CNS Acting Anti-Cholinesterases

• Used for treating Alzheimer’s disease (Tacrine, Donepezil).

• Indirect Acting Anticholinesterases in Alzheimer's Disease

  • Tacrine:

  • Reversible cholinesterase inhibitor.

  • Used for mild to moderate Alzheimer's disease.

  • Conflicting efficacy results.

  • Donepezil:

  • Reversible acetylcholinesterase inhibitor.

  • Used for mild to moderate Alzheimer's disease.

  • Half-life: 70 hours.

  • 96% bound to plasma proteins.

  • Galantamine:

  • Alkaloid from Leucojum aestivum and Narcissus pseudonarcissus.

  • Also a reversible cholinesterase inhibitor for Alzheimer's disease.

  • Rivastigmine:

  • Pseudo irreversible, non-competitive carbamate inhibitor.

  • Half-life: 2 hours.

  • Duration of action: 10 hours.

  • Approved for Alzheimer’s and Parkinson’s-associated dementia.

• Acetylcholine Toxicity:

  • Increased levels lead to symptoms summarized by mnemonic "DUMBELLS":

  • D: Diarrhea, U: Urination, M: Miosis, B: Bradycardia,

  • B: Bronchoconstriction, E: Emesis, L: Lacrimation, S: Salivation.

• Antidotes for Acetylcholine Toxicity:

  • Atropine: Acts at receptor level.

  • Pralidoxime: Reactivates enzymes if given within 36 hours of exposure.

• Cholinergic Antagonists:

  • Competitive antagonists of acetylcholine (muscarinic receptors).

  • Actions: Reduced GI motility, mydriasis, decreased salivation (antisialogue), and gastric acid secretion.

• Major Cholinergic Antagonists:

  • Atropine: Antidote for acetylcholine toxicity.

  • Scopolamine: Used for motion sickness.

  • Oxybutynin: For overactive bladder, but may cause dry mouth.

• Therapeutic Classifications:

  • Solanaceous Alkaloids: Atropine, hyoscyamine, scopolamine.

  • Synthetic Agents: Amino alcohols (benztropine), amides (tropicamide), esters (glycopyrrolate).

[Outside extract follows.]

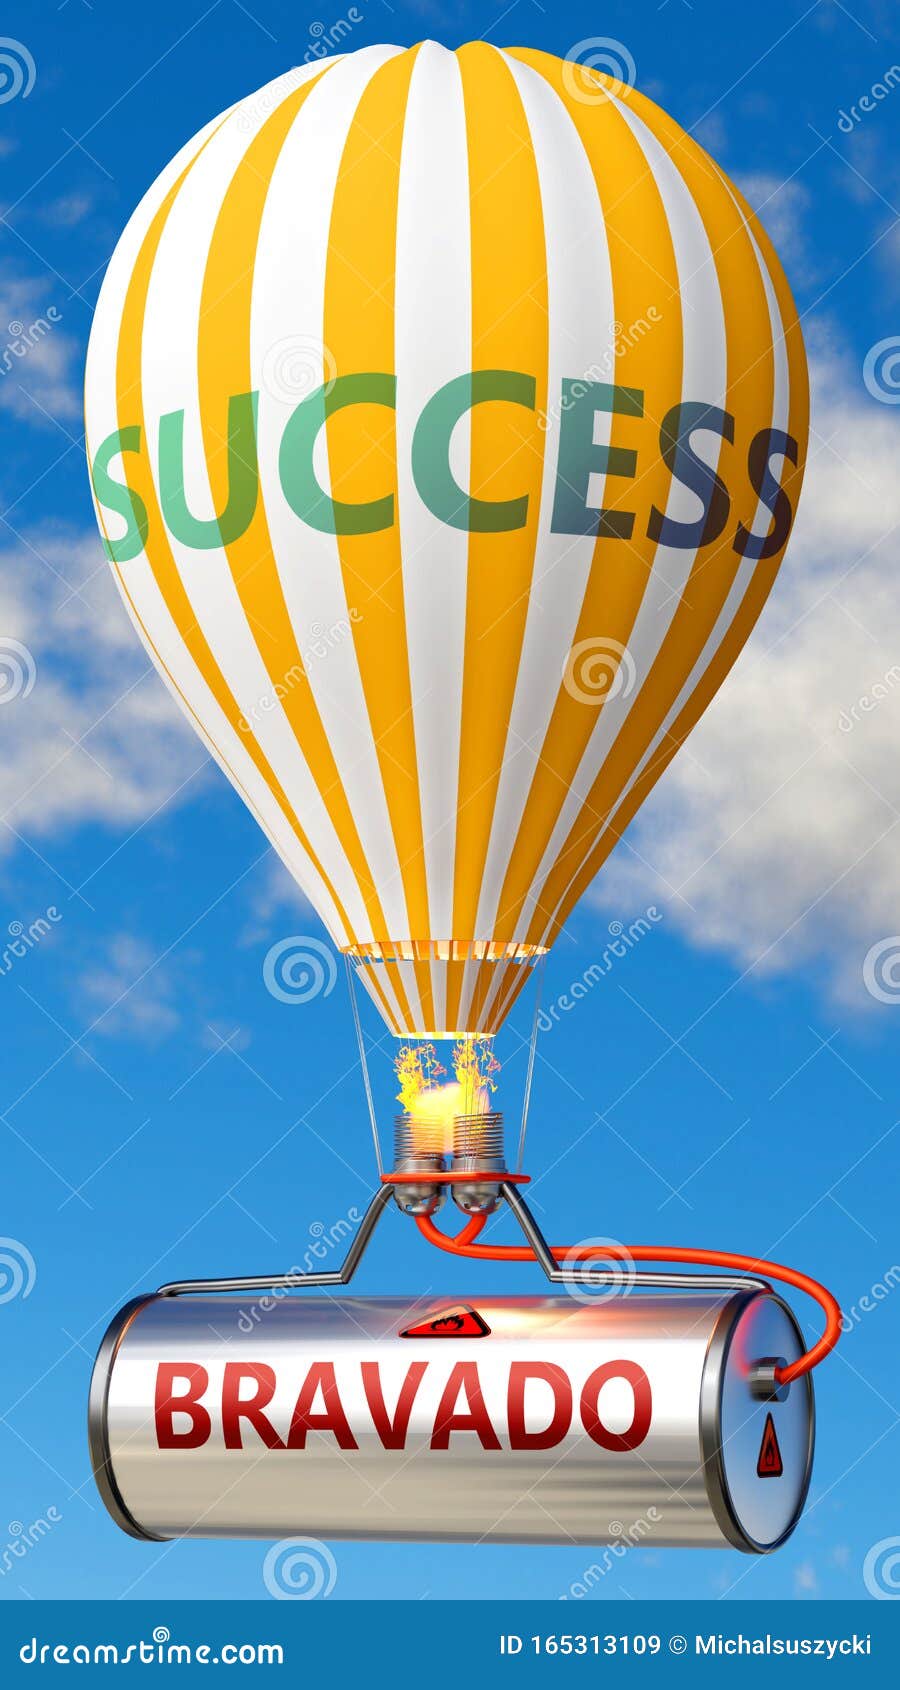 https://thumbs.dreamstime.com/z/bravado-success-shown-as-word-fuel-tank-balloon-to-symbolize-contribute-business-life-d-illustration-165313109.jpg

• Therapeutic Actions of Anticholinergics:

  • Respiratory: Ipratropium for COPD.

  • GI Tract: Glycopyrrolate.

  • Ocular: Homatropine/cyclopentolate for pupil dilation.

  • CNS: Scopolamine for motion sickness (prophylactic use).

• Adverse Effects:

  • Common: Dry mouth (xerostomia), blurred vision, constipation, cognitive impairment.

  • Contraindications: Urinary obstruction, GI obstruction, angle-closure glaucoma, prostatic hyperplasia.